Mexico remained the most popular outbound destination, receiving 3,424,397 U.S. visitors in August and accounting for 33.5 percent of all departures for the month. Canada experienced a 6.0 percent decline compared to last year. Europe continued to rank as the second-largest outbound region, recording 2,467,679 U.S. departures, or 24.1 percent of the total. Travel to Europe grew 5.6 percent year over year, signaling sustained interest in long-haul travel options.
Cumulative year-to-date figures show Mexico with 27,954,130 outbound visitors and the Caribbean with 8,320,815. Together, these two regions represented 47.8 percent of all U.S. international departures, emphasizing the continued popularity of nearby leisure markets. At the same time, demand for long-haul destinations—especially in Europe—remains strong despite global economic uncertainties.
Looking Ahead to Late 2025
According to NTTO reporting, the slower pace of inbound recovery reflects varying reopening timelines, shifting economic conditions, and fluctuating travel confidence among key source markets. Outbound travel, however, continues to be buoyed by resilient consumer demand, broader airline connectivity, and attractive pricing across numerous international destinations.
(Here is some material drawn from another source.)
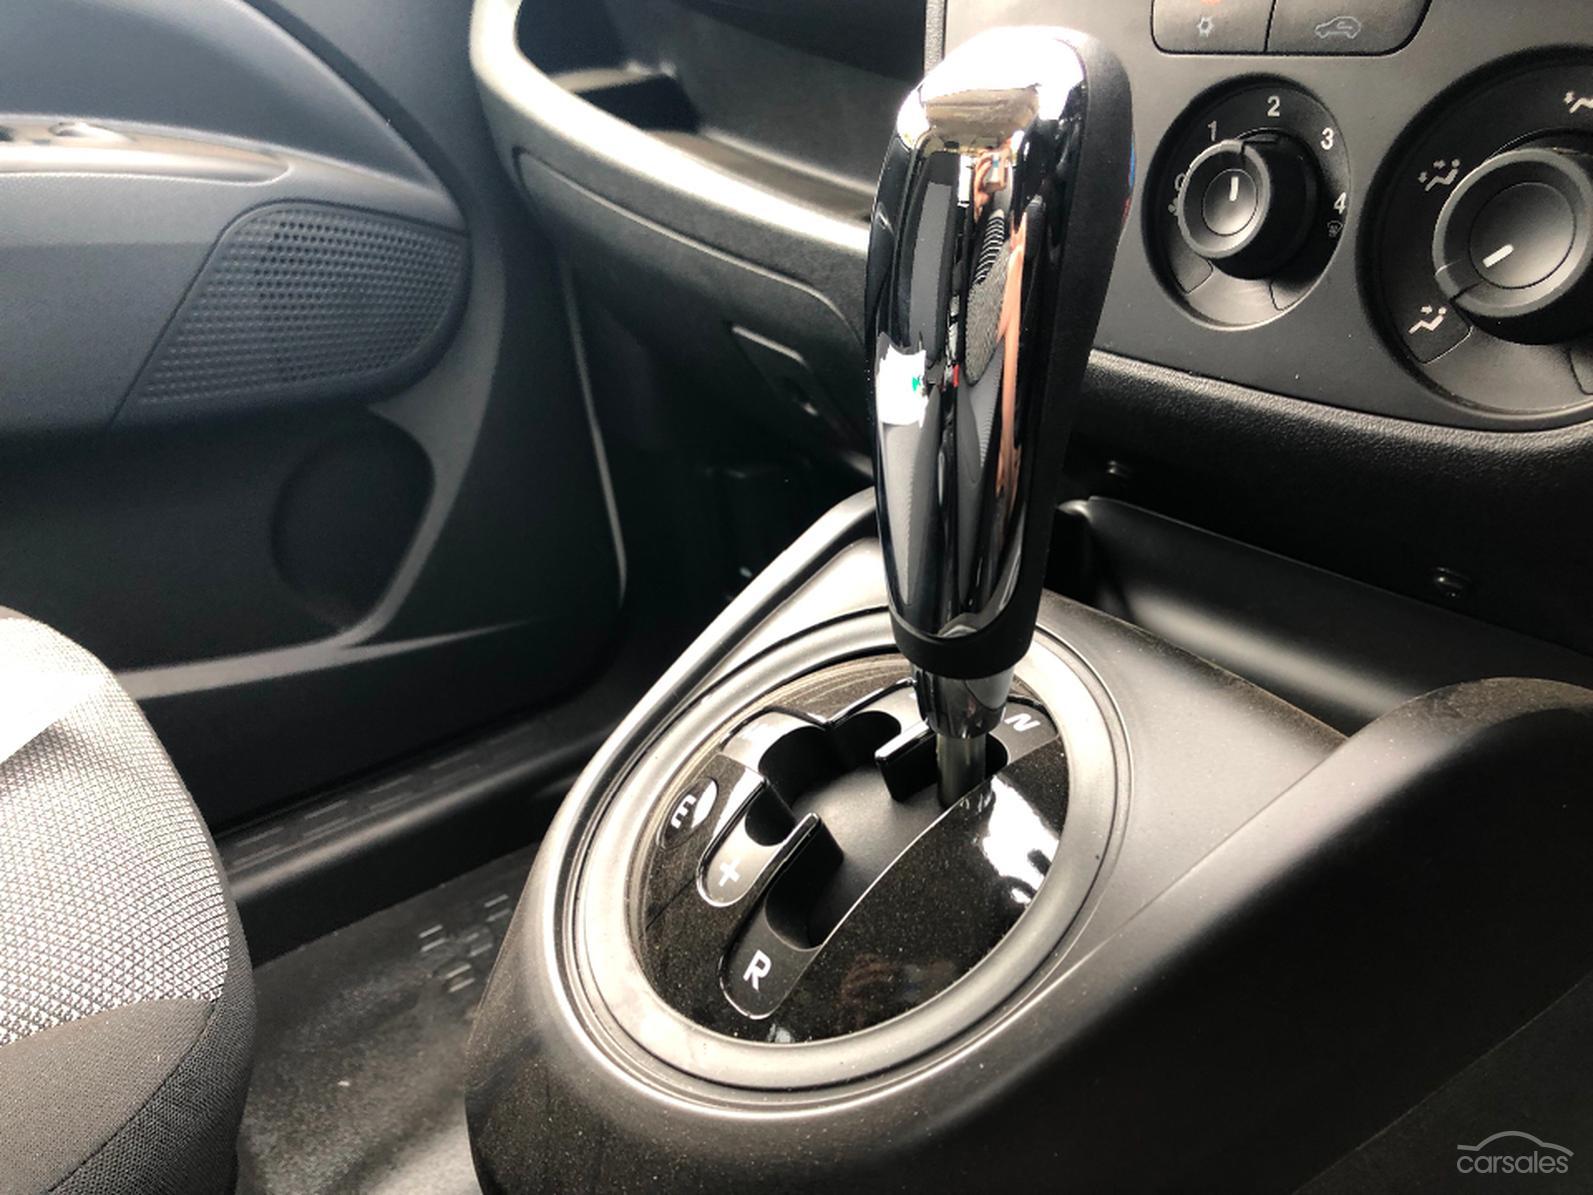 0464f0114d 2017 Fiat Doblo SWB Auto-OAG-AD-16388167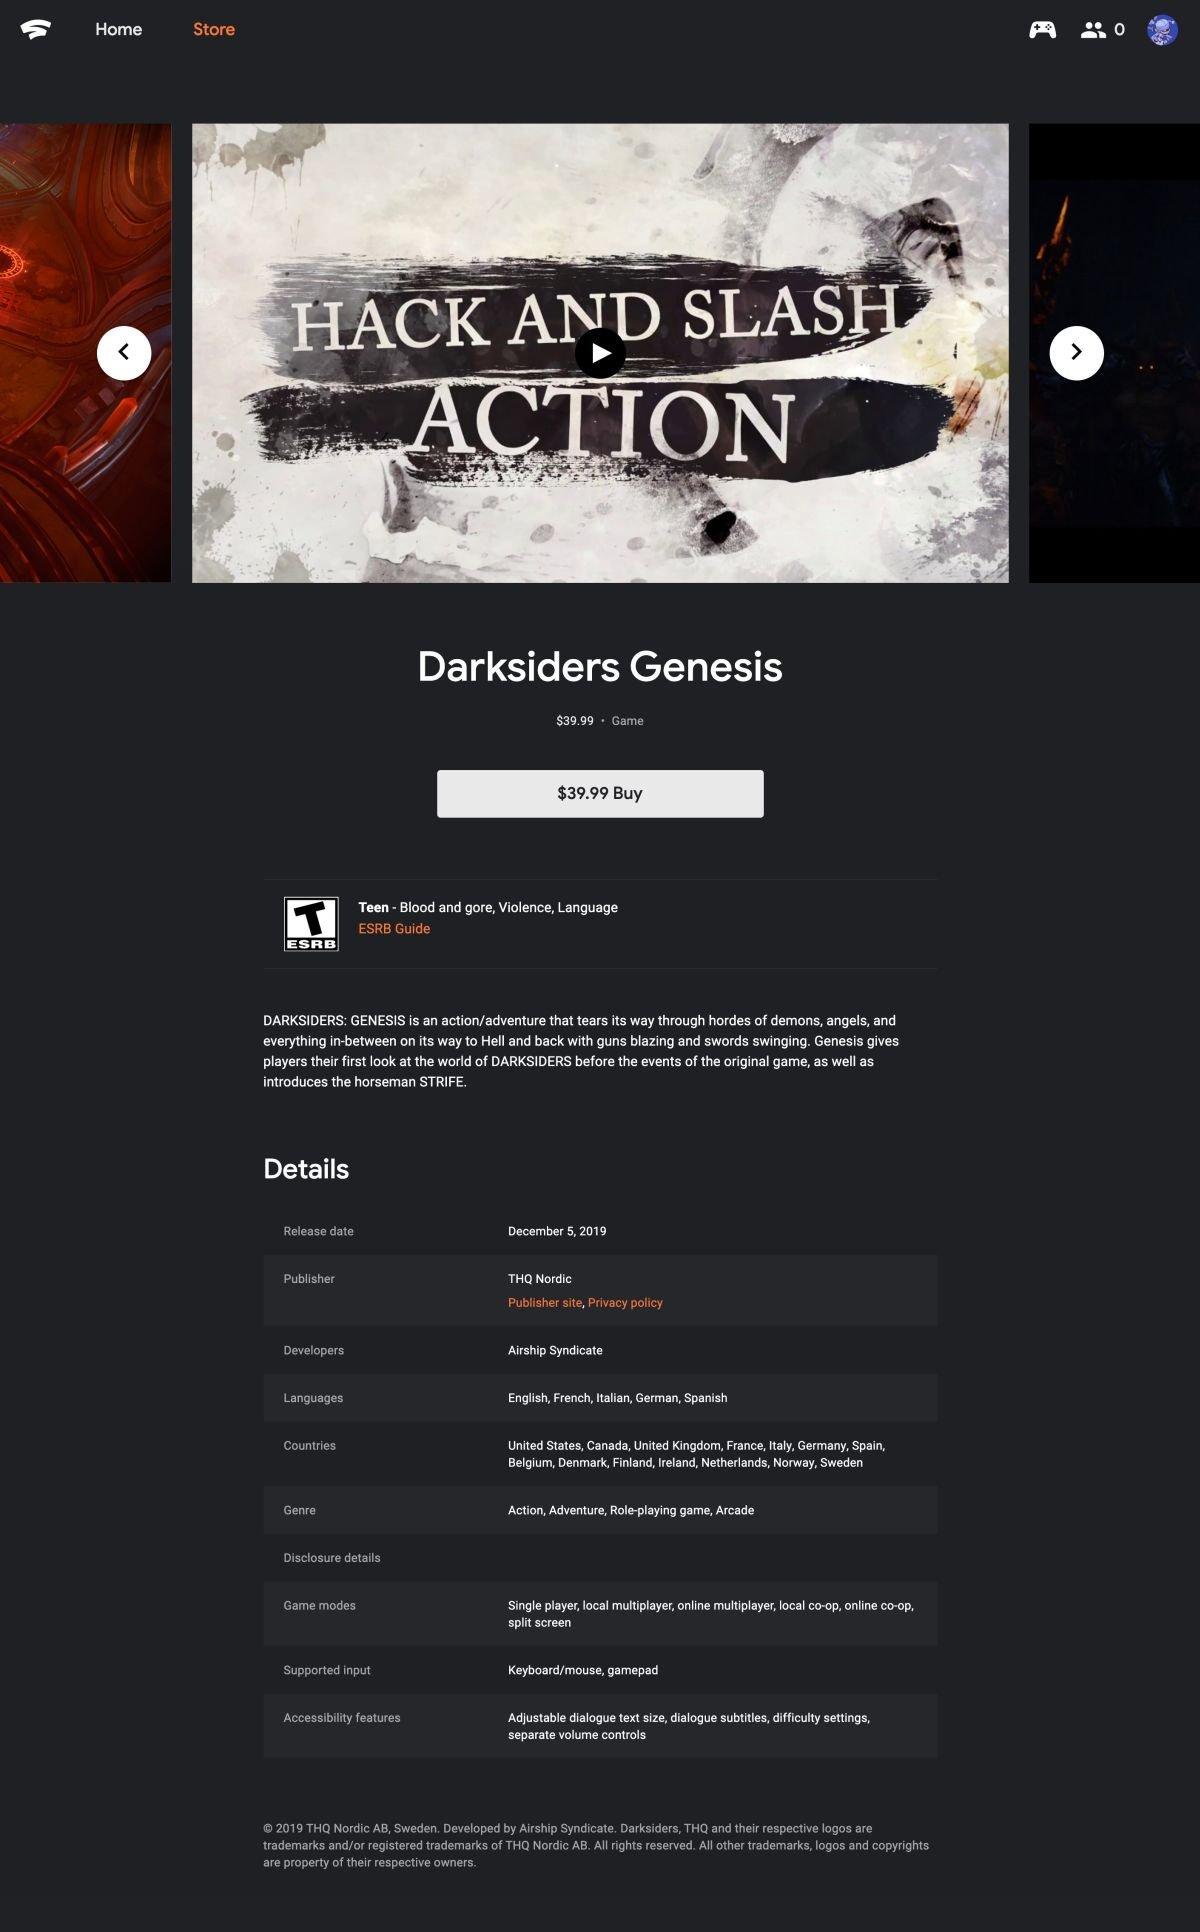 stadia web store detail screenshot

US tourism faces a sharp decline in 2025 as Mexico, Canada, the United Kingdom, Italy, France, Germany, South Korea, and Brazil report unprecedented drops in arrivals due to uneven recovery, economic uncertainty, and rising travel costs, while outbound travel surges with strong consumer demand and expanded flight options.
The latest data highlights a striking contrast in US international travel for 2025, with inbound arrivals from key global markets lagging while outbound travel continues to gain momentum. While challenges such as economic uncertainty, travel costs, and inconsistent air connectivity continue to suppress visitor numbers, the robust growth in outbound departures demonstrates strong consumer confidence and sustained appetite for international travel. This divergence underscores the need for targeted strategies to revitalize inbound tourism while capitalizing on the continued strength of US travelers exploring destinations abroad.